CRISPR/Cas9 and siRNA mediated silencing of CRT and IRE1α
Lentiviruses were synthesized by Genechem (Shanghai, China). PC cells were transfected with lenti-cas9 or lenti-sgRNA as described previously4,14, and then screened using puromycin (Sigma). The stable sub-lines were subsequently transfected with sg1-CRT or sg2-CRT to specifically silence the target gene or an sgRNA control (scramble).
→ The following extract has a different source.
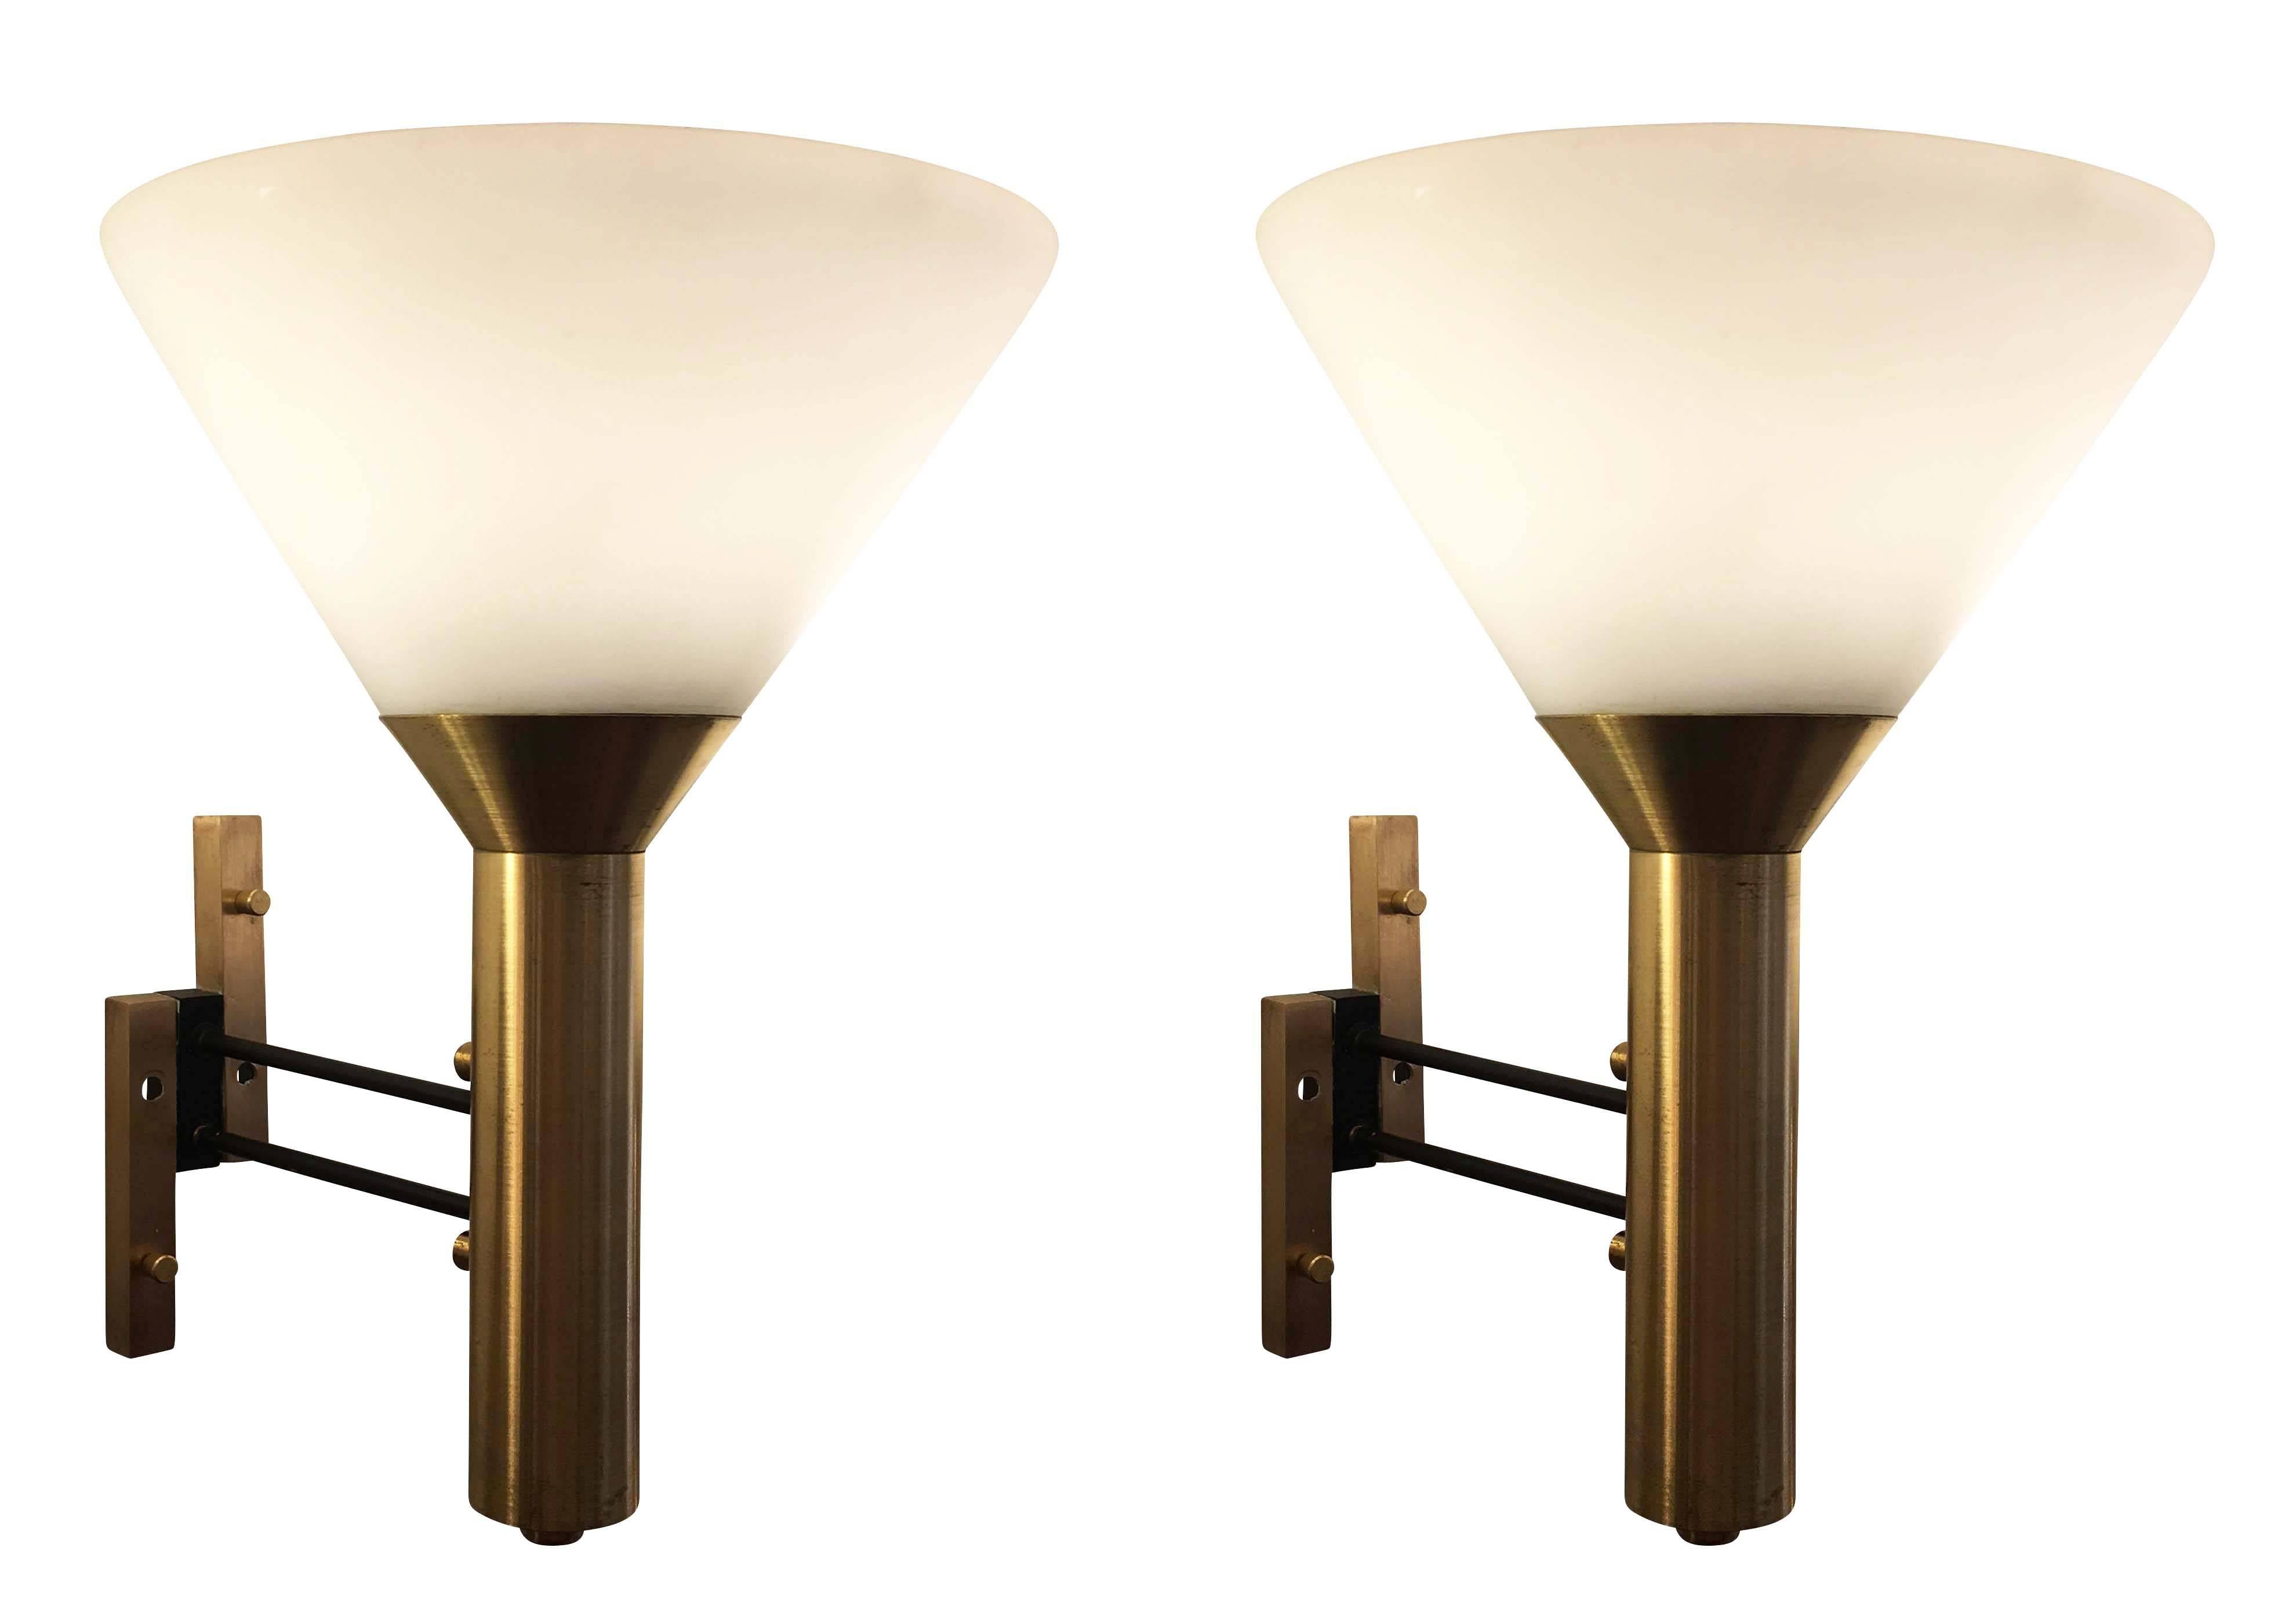 Elegant pair of funnel shaped Stilnovo wall lights. The glass is frosted white and the frame is brass and lacquered black. Each holds one regular socket.

IRE1α siRNA and siRNA control were synthesized from GenePharma (Shanghai, China). Cells were transiently transfected with siRNA (20 µM) using oligofectamine3000 (Invitrogen, Carlsbad, CA, USA) as described by the protocol. All target sequences mentioned above were shown in Supplemental Material Table 1.
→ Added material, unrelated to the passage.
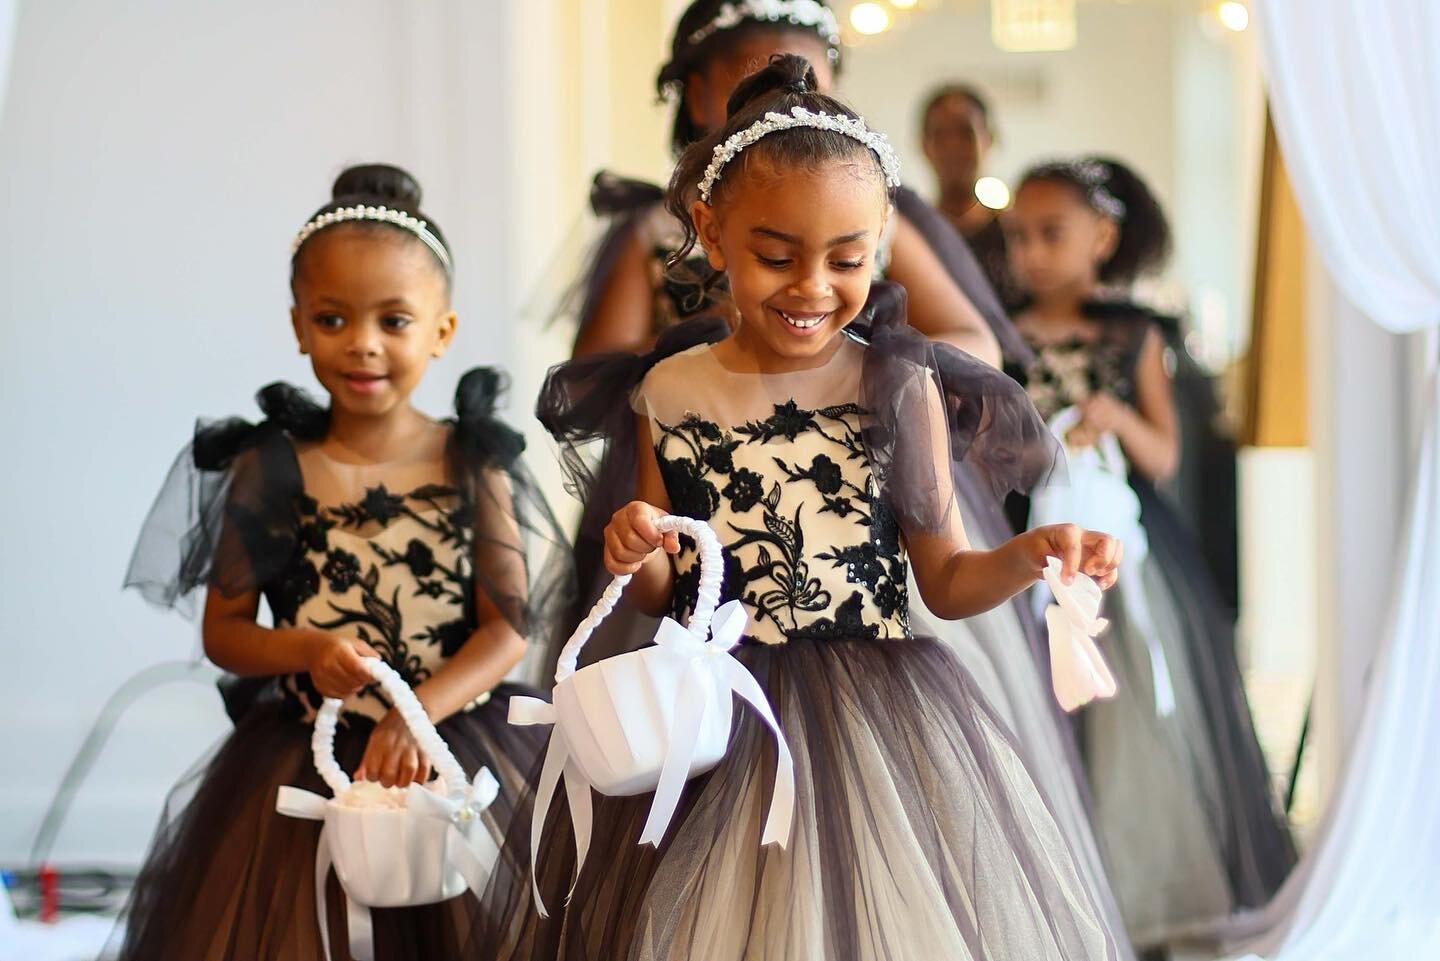 Beautiful little flower girls in beautiful dresses! I love to see how excited they get when it&rsquo;s time for them to throw the rose petals!

TG induced EMT construction
Stable transfected PC cells were treated with 200 nM TG or 1% DMSO (as a control) for 4 h. The EMT construction was verified by EMT-enhanced cell invasion and migration and EMT-induced changes in key proteins involving in EMT signaling.
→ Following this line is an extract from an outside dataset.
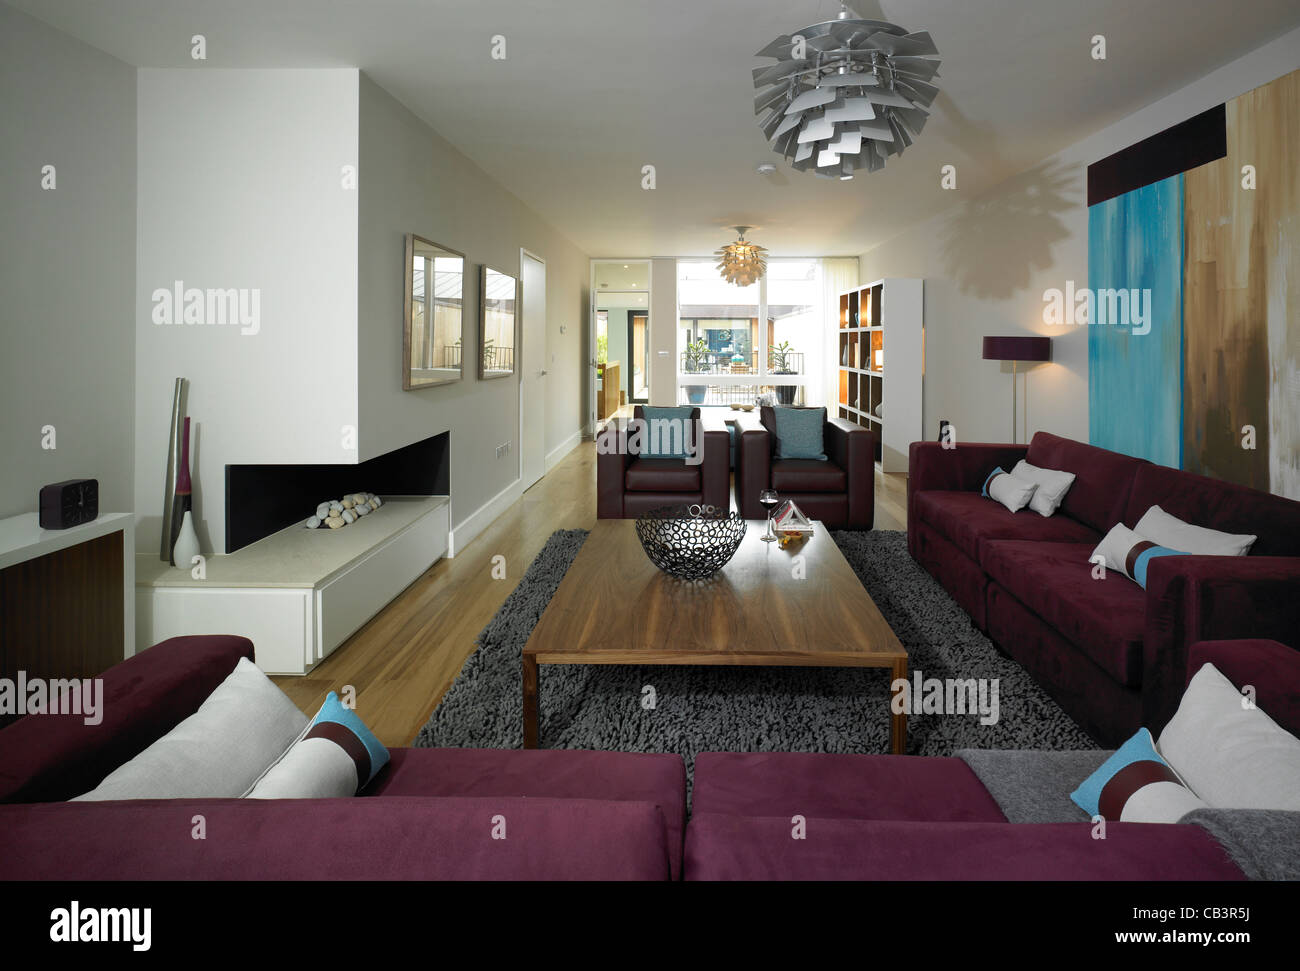 Living room area of modern home Stock Photo

Invasion and migration assays
Briefly, transfected PC cells (pretreated with TG or co-transfected with IRE1α) were plated in inserts that coated with matrigel (BD Biosciences, Sparks, MD, USA) in 24 well plates with FBS-free growth media. Growth media with 10% FBS was added to the bottom wells to generate a serum gradient. After 24 h, cells that had migrated to the underside of the inserts were stained with Crystal Violet Hydrate (Sigma). The migratory cells were counted in five random fields per well. The migration assay was done in a similar fashion without matrigel. Each experiment was repeated 3 times.
In vivo xenograft model
All animal work was performed in accordance with protocols approved by the Animal Care Committee of China Medical University. Total 15 nude mice (BALB/c-nu) were used. Transfected Capan-2 cells (1 × 106) were respectively injected into bilateral axillae of 5 nude mice to construct subcutaneous tumor formation. Tumor volumes were calculated by the following formula: length × width × height × 0.52 in cm. Besides, transfected SW1990 cells (1 × 106) were injected into the spleen of 10 nude mice to construct distant liver metastasis model, which were assessed by the number of liver metastases. These nude mice were killed 30 days later, and samples were extracted and fixed for hematoxylin and eosin (HE), and IHC staining.
Statistical analysis
Statistical analysis was performed using SPSS software 21.0 (Chicago, IL, USA). Continuous variables were expressed as the mean ± SD. The differences in intracellular free Ca2+ concentration, WB assay, cell migration and invasion assays and the number of liver metastases were compared through Student’s t-test. The differences of orthotopic tumor volumes were compared with paired sample t-test. Non-parametric and spearman correlation tests were analyzed for IHC assays in vivo and human PC samples. The association of target proteins expression with clinicopathological data was analyzed by Chi-squared. The Kaplan-Meier curve was used to estimate survival, and differences were analyzed by the log-rank test. P <0.05 or P <0.01 was considered significant.